Records to use ::
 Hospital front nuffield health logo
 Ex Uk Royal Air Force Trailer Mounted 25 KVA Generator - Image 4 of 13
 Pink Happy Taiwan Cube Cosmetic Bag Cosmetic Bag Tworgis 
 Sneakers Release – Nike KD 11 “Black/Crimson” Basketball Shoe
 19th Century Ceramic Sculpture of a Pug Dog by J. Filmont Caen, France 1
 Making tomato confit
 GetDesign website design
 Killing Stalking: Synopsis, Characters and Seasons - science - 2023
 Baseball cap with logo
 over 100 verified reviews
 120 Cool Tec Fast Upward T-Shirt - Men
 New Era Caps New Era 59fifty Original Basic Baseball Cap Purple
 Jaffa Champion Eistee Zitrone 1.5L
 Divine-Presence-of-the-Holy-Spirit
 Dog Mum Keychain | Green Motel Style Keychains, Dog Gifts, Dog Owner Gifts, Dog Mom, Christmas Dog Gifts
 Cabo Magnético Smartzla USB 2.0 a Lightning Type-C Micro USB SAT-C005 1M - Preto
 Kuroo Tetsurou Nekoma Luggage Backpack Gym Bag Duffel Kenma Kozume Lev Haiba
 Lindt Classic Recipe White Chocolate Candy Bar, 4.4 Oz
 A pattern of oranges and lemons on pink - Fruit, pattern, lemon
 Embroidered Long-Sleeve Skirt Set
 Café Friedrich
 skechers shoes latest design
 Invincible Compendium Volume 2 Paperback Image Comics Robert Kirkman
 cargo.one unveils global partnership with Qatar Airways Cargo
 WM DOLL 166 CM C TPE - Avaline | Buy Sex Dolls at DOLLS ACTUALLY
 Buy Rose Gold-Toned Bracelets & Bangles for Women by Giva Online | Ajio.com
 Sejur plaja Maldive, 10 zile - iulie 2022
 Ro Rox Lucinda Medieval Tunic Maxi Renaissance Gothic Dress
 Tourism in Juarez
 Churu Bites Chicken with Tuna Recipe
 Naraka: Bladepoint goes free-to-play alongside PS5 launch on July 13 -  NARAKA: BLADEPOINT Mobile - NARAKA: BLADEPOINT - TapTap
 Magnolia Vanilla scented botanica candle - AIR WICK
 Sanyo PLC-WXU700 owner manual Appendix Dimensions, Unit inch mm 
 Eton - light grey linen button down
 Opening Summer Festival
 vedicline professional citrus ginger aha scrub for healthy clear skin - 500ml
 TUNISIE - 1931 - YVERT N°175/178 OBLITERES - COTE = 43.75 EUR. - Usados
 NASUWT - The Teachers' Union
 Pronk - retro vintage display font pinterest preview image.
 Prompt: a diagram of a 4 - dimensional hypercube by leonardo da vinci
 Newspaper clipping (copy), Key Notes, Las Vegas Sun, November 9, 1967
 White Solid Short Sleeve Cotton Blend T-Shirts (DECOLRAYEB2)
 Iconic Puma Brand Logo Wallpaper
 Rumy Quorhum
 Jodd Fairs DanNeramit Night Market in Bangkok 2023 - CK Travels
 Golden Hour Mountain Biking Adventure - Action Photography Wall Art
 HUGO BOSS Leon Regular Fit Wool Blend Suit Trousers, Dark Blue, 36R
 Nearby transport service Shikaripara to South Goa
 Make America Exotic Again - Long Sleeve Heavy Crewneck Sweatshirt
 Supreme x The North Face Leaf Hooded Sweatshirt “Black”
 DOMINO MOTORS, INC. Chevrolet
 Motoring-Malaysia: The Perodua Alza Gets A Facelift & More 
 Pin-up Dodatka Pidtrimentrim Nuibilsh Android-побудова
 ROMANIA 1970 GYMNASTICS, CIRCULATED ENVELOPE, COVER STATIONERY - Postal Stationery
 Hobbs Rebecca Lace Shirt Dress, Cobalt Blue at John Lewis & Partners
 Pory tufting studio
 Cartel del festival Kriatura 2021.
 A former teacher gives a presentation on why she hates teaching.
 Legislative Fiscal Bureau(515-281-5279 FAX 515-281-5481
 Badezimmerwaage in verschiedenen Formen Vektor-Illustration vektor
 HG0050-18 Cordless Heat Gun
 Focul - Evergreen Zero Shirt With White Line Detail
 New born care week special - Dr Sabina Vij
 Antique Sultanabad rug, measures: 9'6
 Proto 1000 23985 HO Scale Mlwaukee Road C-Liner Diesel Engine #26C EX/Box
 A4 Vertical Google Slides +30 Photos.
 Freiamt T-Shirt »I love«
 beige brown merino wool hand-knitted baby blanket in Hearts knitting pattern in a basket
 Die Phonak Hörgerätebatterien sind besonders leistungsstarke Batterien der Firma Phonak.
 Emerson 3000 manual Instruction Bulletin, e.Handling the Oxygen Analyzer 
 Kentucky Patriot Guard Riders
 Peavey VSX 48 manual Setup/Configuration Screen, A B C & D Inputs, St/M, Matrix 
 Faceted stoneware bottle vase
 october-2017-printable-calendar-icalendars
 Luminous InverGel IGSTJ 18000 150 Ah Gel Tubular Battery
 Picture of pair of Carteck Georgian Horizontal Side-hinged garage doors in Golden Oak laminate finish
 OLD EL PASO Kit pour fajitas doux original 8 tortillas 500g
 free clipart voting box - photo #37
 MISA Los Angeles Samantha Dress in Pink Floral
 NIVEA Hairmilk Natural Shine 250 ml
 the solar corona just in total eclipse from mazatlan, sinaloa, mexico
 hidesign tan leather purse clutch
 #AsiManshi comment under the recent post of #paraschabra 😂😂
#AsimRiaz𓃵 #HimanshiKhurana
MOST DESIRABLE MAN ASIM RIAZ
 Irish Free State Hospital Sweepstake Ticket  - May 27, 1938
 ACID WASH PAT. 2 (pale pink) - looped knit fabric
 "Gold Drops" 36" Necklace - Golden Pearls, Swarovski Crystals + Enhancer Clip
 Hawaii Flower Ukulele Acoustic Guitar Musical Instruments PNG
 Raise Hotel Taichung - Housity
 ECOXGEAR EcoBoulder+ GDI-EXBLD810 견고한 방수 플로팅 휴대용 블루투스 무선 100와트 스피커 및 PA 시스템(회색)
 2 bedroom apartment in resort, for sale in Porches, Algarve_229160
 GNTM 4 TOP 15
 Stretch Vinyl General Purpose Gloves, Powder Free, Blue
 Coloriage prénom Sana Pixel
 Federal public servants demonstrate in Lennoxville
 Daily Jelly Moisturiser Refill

Problem description :: For this exercise, please copy exactly the lines of the material above from its first line through the line where "Dog Mum Keychain" appears.

Result of the exercise ::
 Hospital front nuffield health logo
 Ex Uk Royal Air Force Trailer Mounted 25 KVA Generator - Image 4 of 13
 Pink Happy Taiwan Cube Cosmetic Bag Cosmetic Bag Tworgis 
 Sneakers Release – Nike KD 11 “Black/Crimson” Basketball Shoe
 19th Century Ceramic Sculpture of a Pug Dog by J. Filmont Caen, France 1
 Making tomato confit
 GetDesign website design
 Killing Stalking: Synopsis, Characters and Seasons - science - 2023
 Baseball cap with logo
 over 100 verified reviews
 120 Cool Tec Fast Upward T-Shirt - Men
 New Era Caps New Era 59fifty Original Basic Baseball Cap Purple
 Jaffa Champion Eistee Zitrone 1.5L
 Divine-Presence-of-the-Holy-Spirit
 Dog Mum Keychain | Green Motel Style Keychains, Dog Gifts, Dog Owner Gifts, Dog Mom, Christmas Dog Gifts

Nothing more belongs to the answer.